■ Directions: What you return should be every line below, word for word, and none of the images.

■ Collected data:

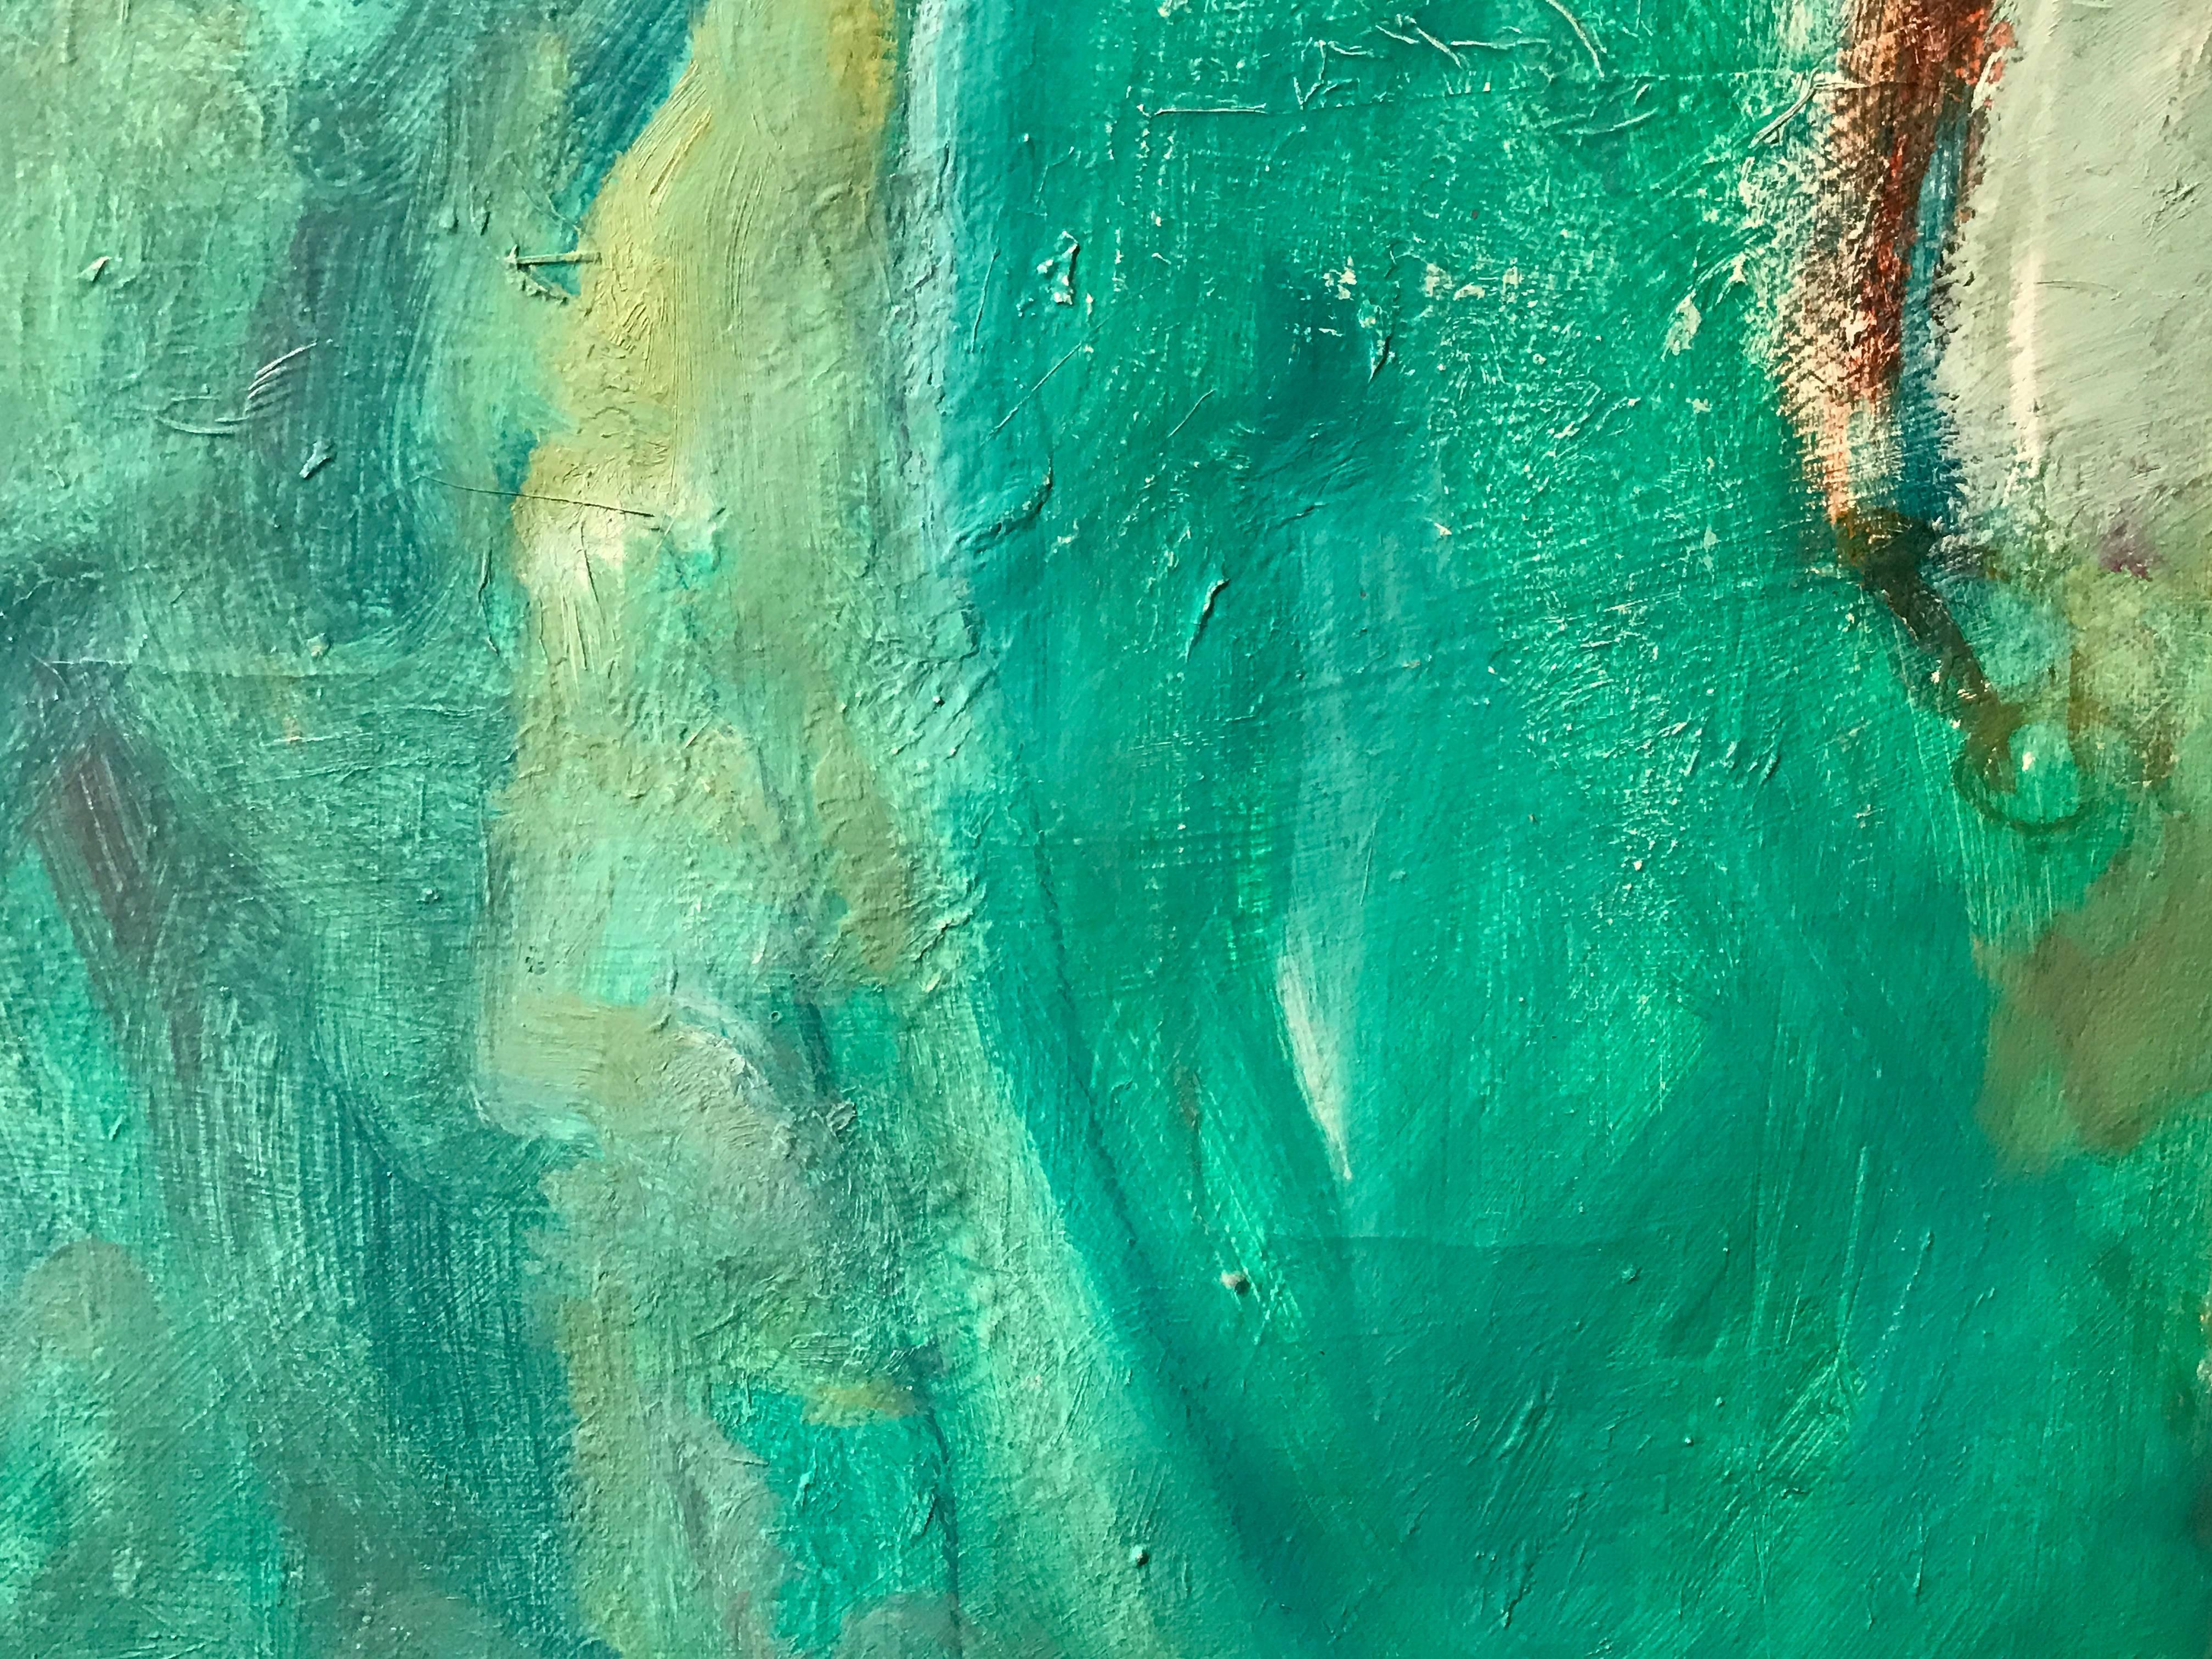 Superbe et très grande peinture à l'huile post-impressionniste française représentant cette peinture à l'huile abstraite profondément colorée présentant un mélange et une gamme de couleurs incroyables - aigue-marine, turquoise, verts, bleus, violets
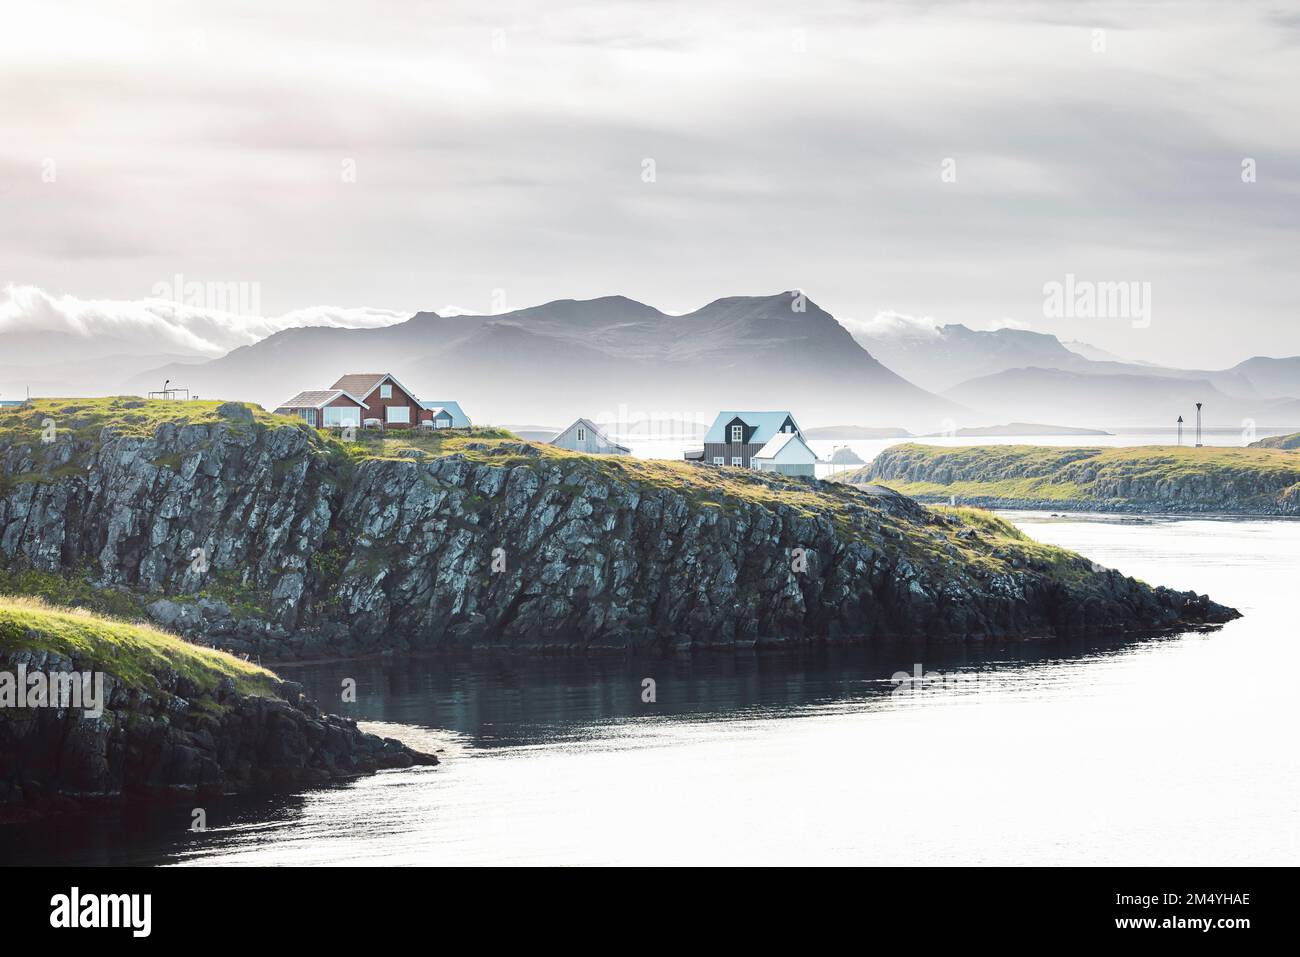 Brouillard sur la mer dans la ville de Stykkisholmskirkja en Islande, maisons colorées au bord de la falaise Banque D'Images
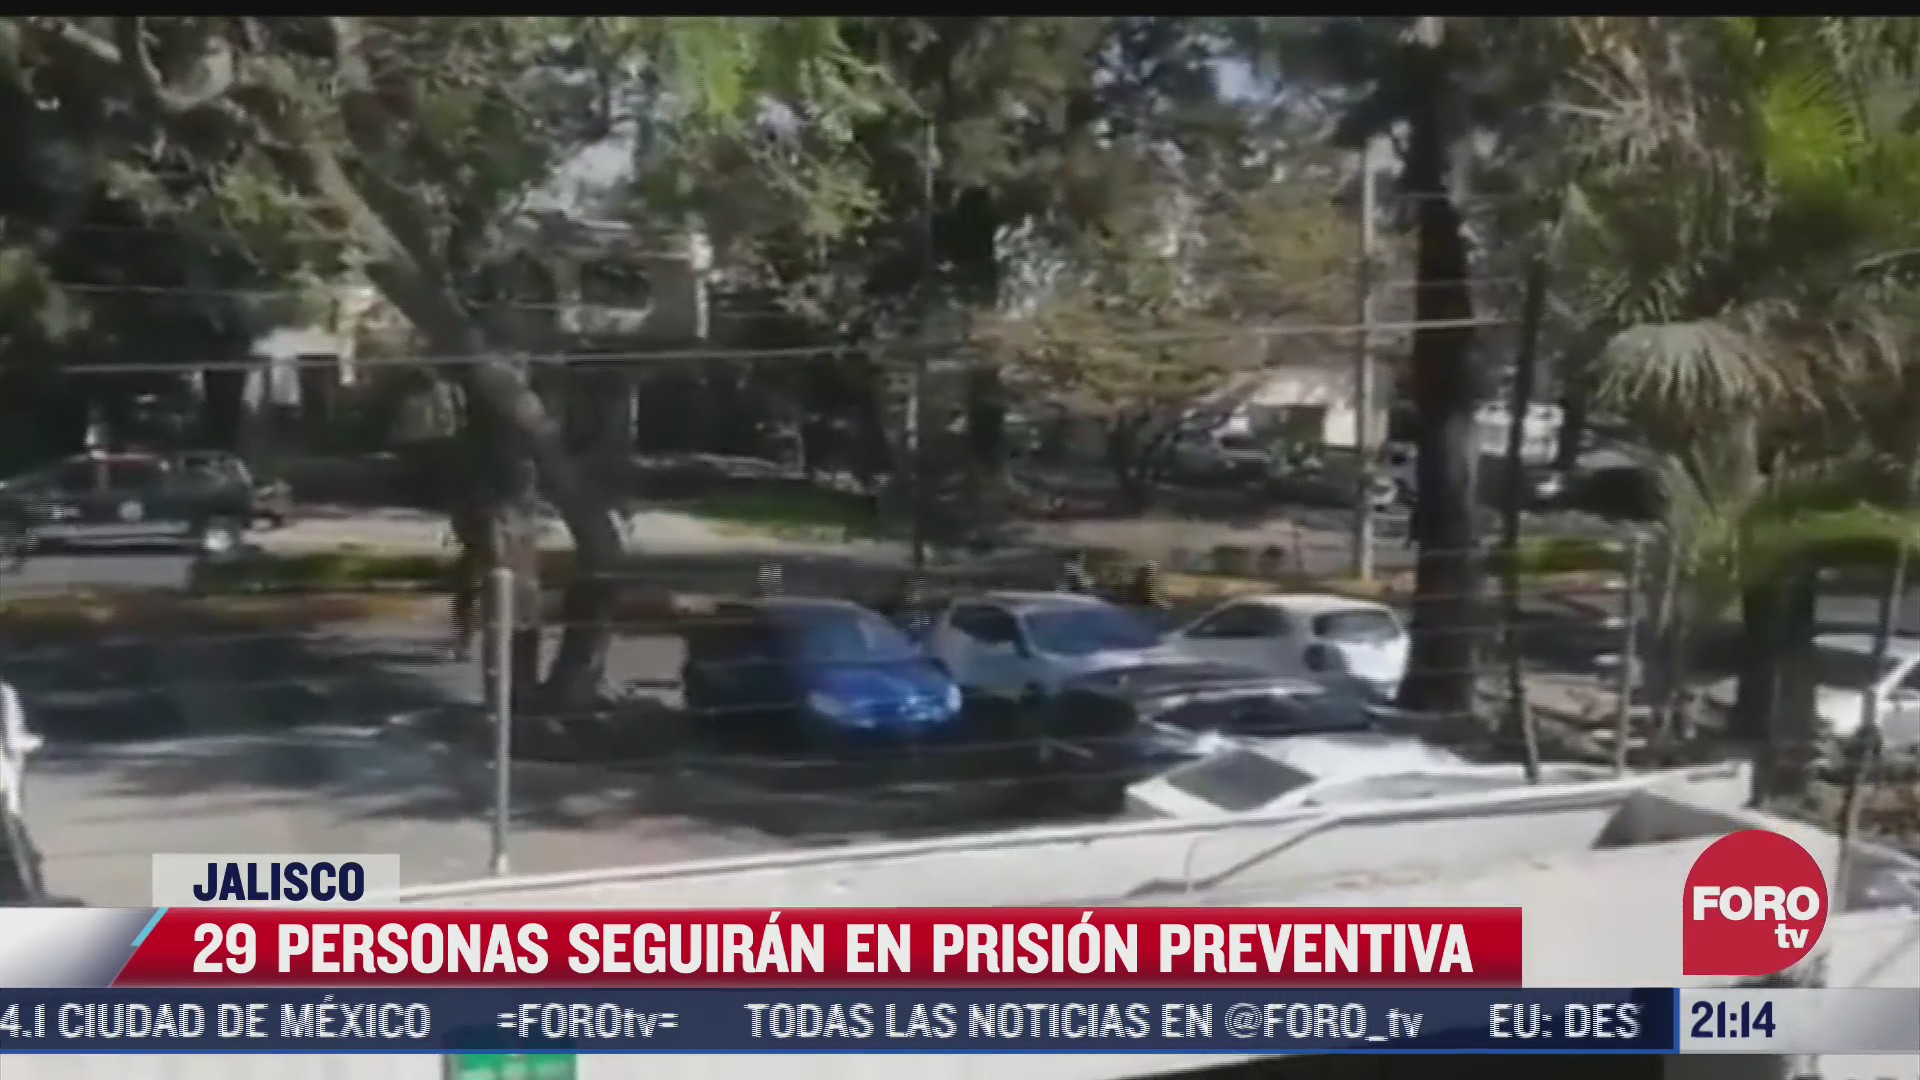 29 detenidos en chapalita jalisco estaran en prision preventiva

■ The answer:
 Superbe et très grande peinture à l'huile post-impressionniste française représentant cette peinture à l'huile abstraite profondément colorée présentant un mélange et une gamme de couleurs incroyables - aigue-marine, turquoise, verts, bleus, violets
 Brouillard sur la mer dans la ville de Stykkisholmskirkja en Islande, maisons colorées au bord de la falaise Banque D'Images
 29 detenidos en chapalita jalisco estaran en prision preventiva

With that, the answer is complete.